David Jude Heyworth Law was born in Lewisham, England in 1972 to parents Peter and Margaret, both school teachers. Going to the theatre was a staple of Law’s childhood, and his interest in acting was obvious from an early age. By the late 1980s, Law was a regular on the stage at the prestigious National Youth Music Theatre, or NYMT. The school prepares young people for a career in the arts and has productions that have played all over England, including the West End and even stints on Broadway. Law was one of the lucky actors to have performed with the NYMT at festivals like the Edinburgh Fringe Festival and the West End. After being with the NYMT for a couple of years, Law decided to drop out of school at the age of 16. He was getting steady stage work by this time and even landed a role on the British soap opera, Families.
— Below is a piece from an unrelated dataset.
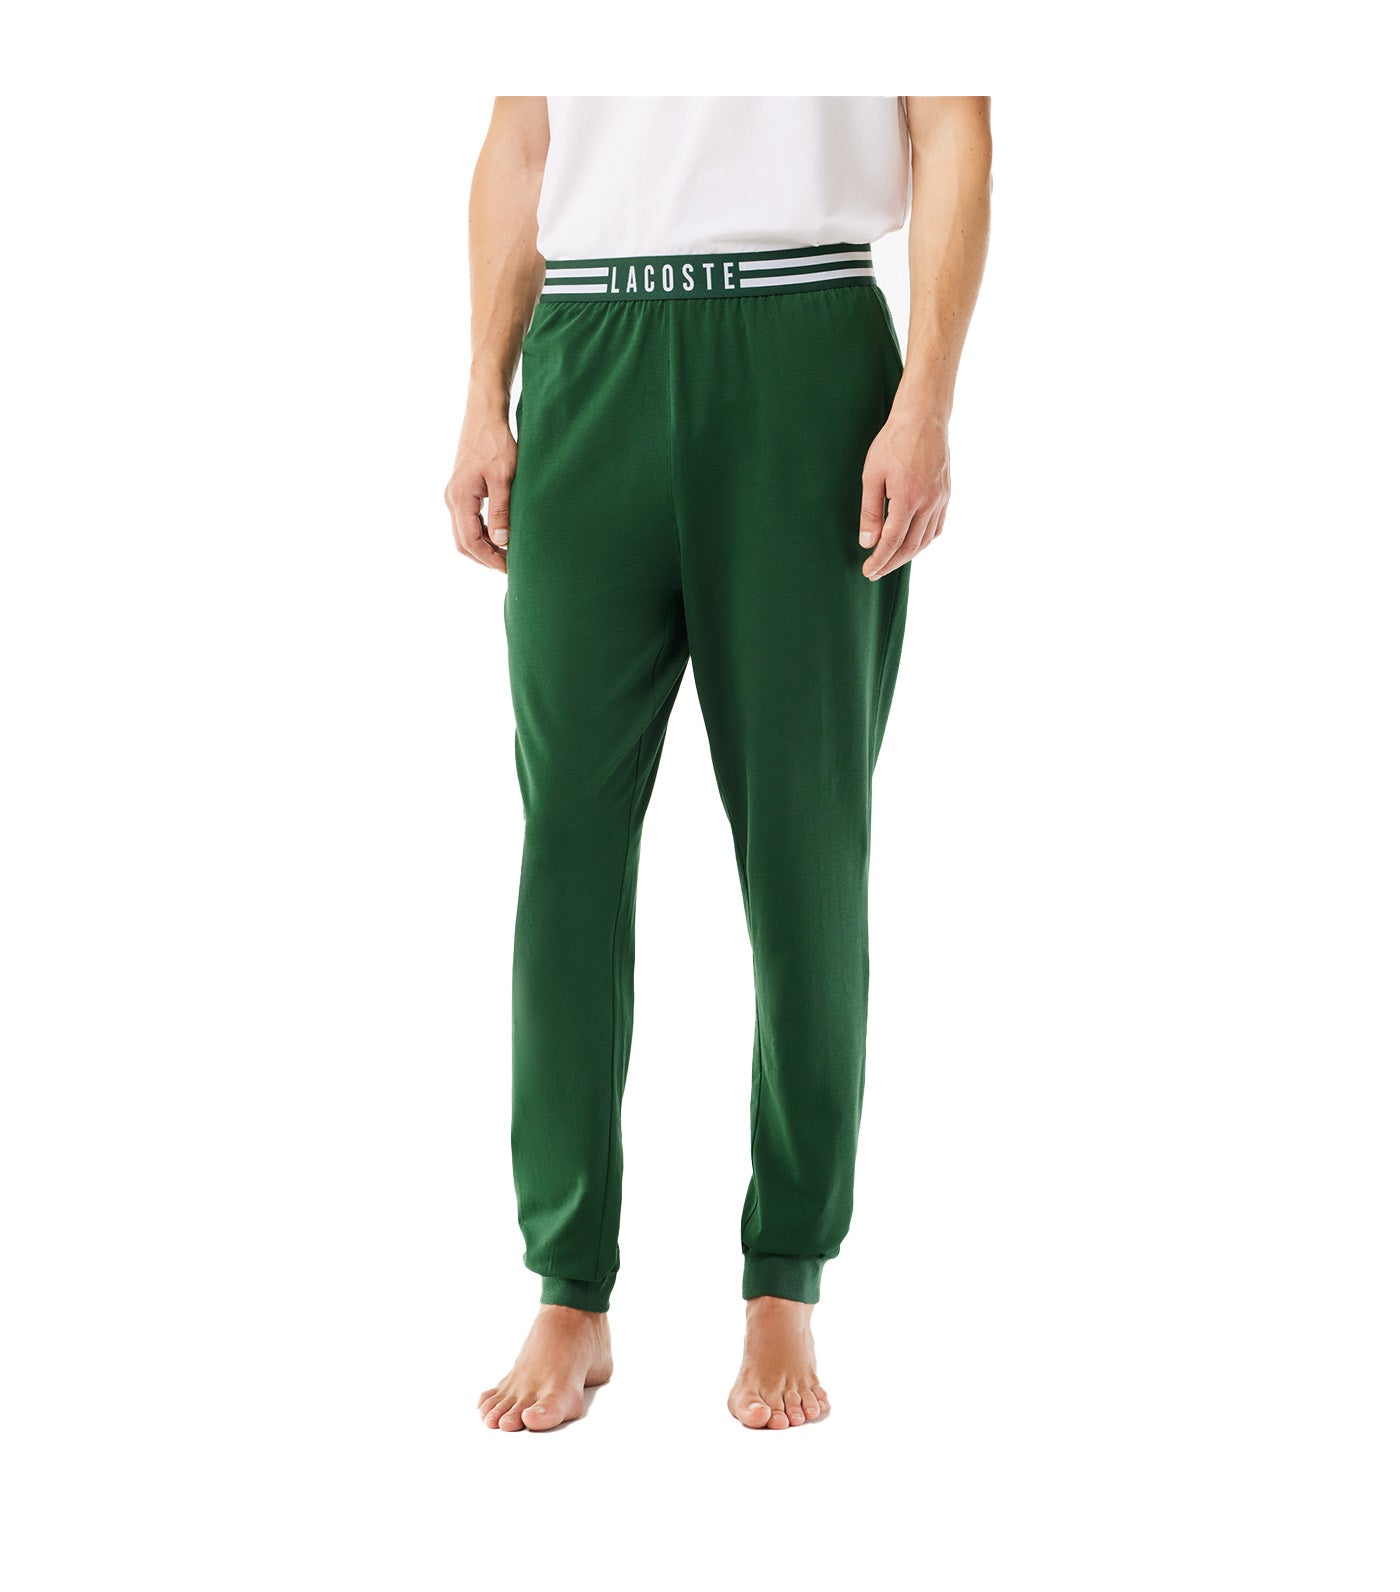 Pajama Set With Contrast Logo Print Pants White/Green

At the West End, he performed in Les Parents terribles and was nominated for a Laurence Olivier Award. The play would make its way to Broadway and would premiere under the name Indiscretions, for which Law would receive a Tony nomination. After working in America, Jude Law would return to England to star in a couple independent films that were not critically received. It wasn’t until 1997 that Law would start to receive commercial success and be put on the Hollywood radar.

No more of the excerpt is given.